If the standard committee decided to abandon this rule, it should have been clearly stated. Instead, we have contradicting clauses in the very same section of the standard.
Point the lecturer at this discussion!
And well done for digging
The left-to-right refers to how the expression is parsed (“interpretation”). The subsequent section (“evaluation”) states that it needs not honor the expression as parsed and can replace it.
1 Like
So, what is exactly the rule for the type of the iterator? Is this standard, or a coincidence that it works with three compilers?
program testit
use,intrinsic::iso_fortran_env,only:int8,int16,int32,int64
integer(kind=int64) I
do i=1,huge(0_int32)
! do stuff
enddo
write(*,*)i
Since everyone was just citing the standard, I was wondering what the type of the iterator was allowed to be and whether it is specified what type is used. I was actually expecting to see something saying it had to be of default integer kind but did not see it right away; thinking this might be non-standard and a side-effect of the compilers allowing other iterator types like reals as an extension.

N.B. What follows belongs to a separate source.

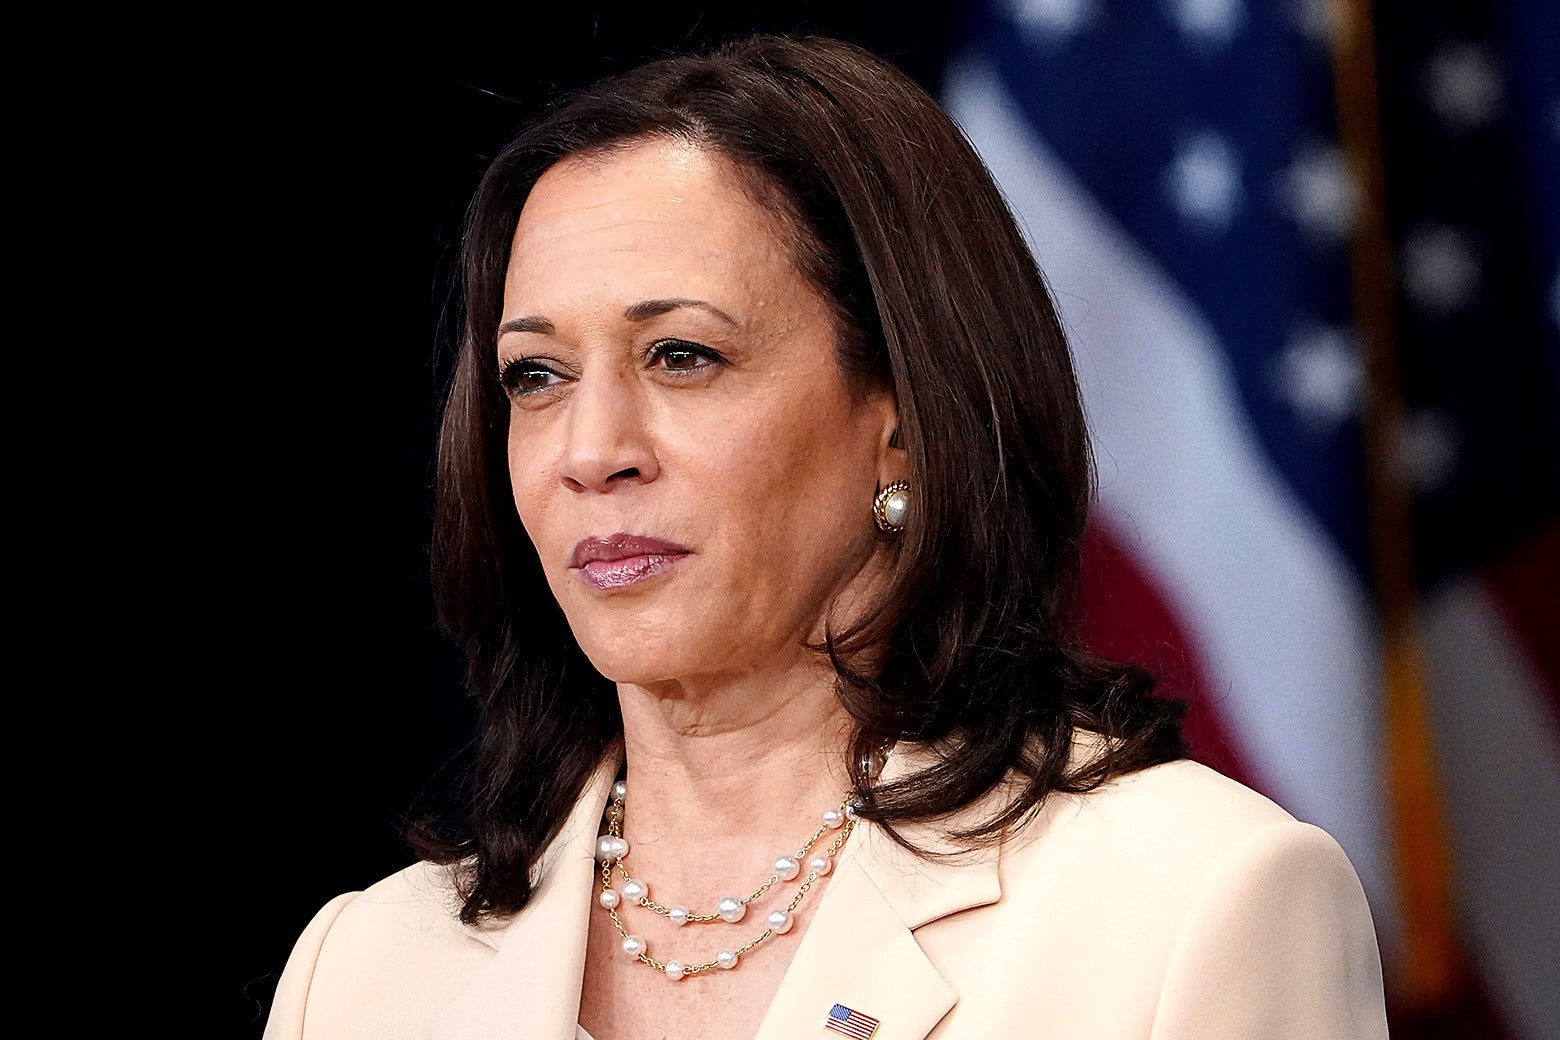 Kamala Harris staring with a concerned look.
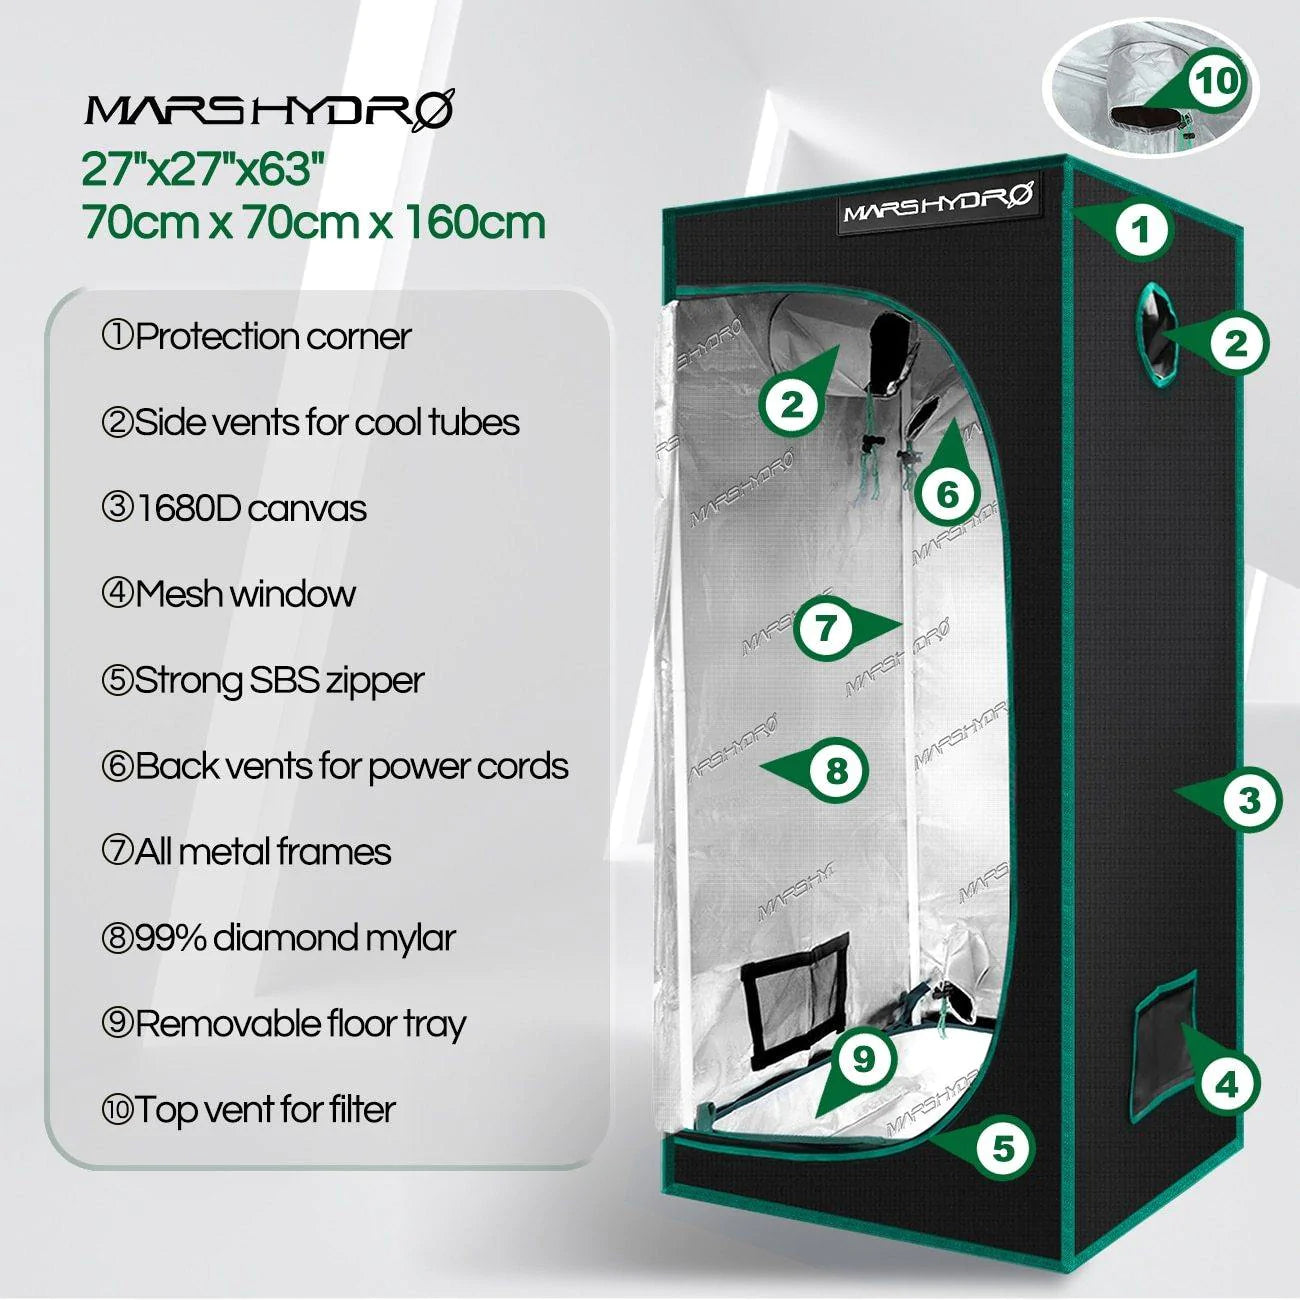 Grow Tent For Indoor Hydroponic Plant Growing and Greenhouses - Buy Confidently with Smart Sales Australia

Does not eliminate the same issue with huge(0_int64), but lets you iterator over all the int32 values (although infinity/huge(0_int32) is still a pretty big number 
)
PS: Found it, where it specifies M1, M2, M3 are the same type as the iterator, so that is standard, but could cause problems in the body of the loop if the type of the iterator matters and so on.
Why is this worrying or an operator error? He knew exactly how a do-loop is defined in the Fortran standard. If compilers would implement it exactly like that, do i=1,huge(i) wouldn’t be a problem. The loop would have to exit, because the iteration count is zero, despite that i overflows.
I suggested it is worrying to have an example “do i=1, huge(i)” .
For a loop to execute correctly as an indexed DO loop, i would = huge(i)+1 on exit; which is not possible.
I don’t know the context of a Fortran lecturer providing this example; perhaps an example of what to avoid ?
The example was the sum from i=1 to infinity over 1./real(i). He wanted to explain the difference between forward and backward summation. He then asked the students, how they would implement this in Fortran. So to be 100% precise, it was the suggestion from a student, but since he knew the loop definition with the iteration count he didn’t complain about it. Since all took place on a remote version of a whiteboard, there was neither compilation nor execution involved.
BTW: I assisted the lesson and tried to run the example. This is how I discovered this problem. Of course I corrected the example and later I even introduced Kahan to the students.
In my opinion it doesn’t matter if i overflows at the end of a loop, because the loop exits before it could use the last value. As long as you don’t expect i to be useful after the loop, this shouldn’t break your program.
If so, that being the harmonic series, which is known to be divergent, the students are being invited to explore different ways of computing a result that is known to be infinity, no calculations needed. Some students may resent being asked to spend time doing the impossible, and the experience may make them less willing to embark on an exploration in the next exercise.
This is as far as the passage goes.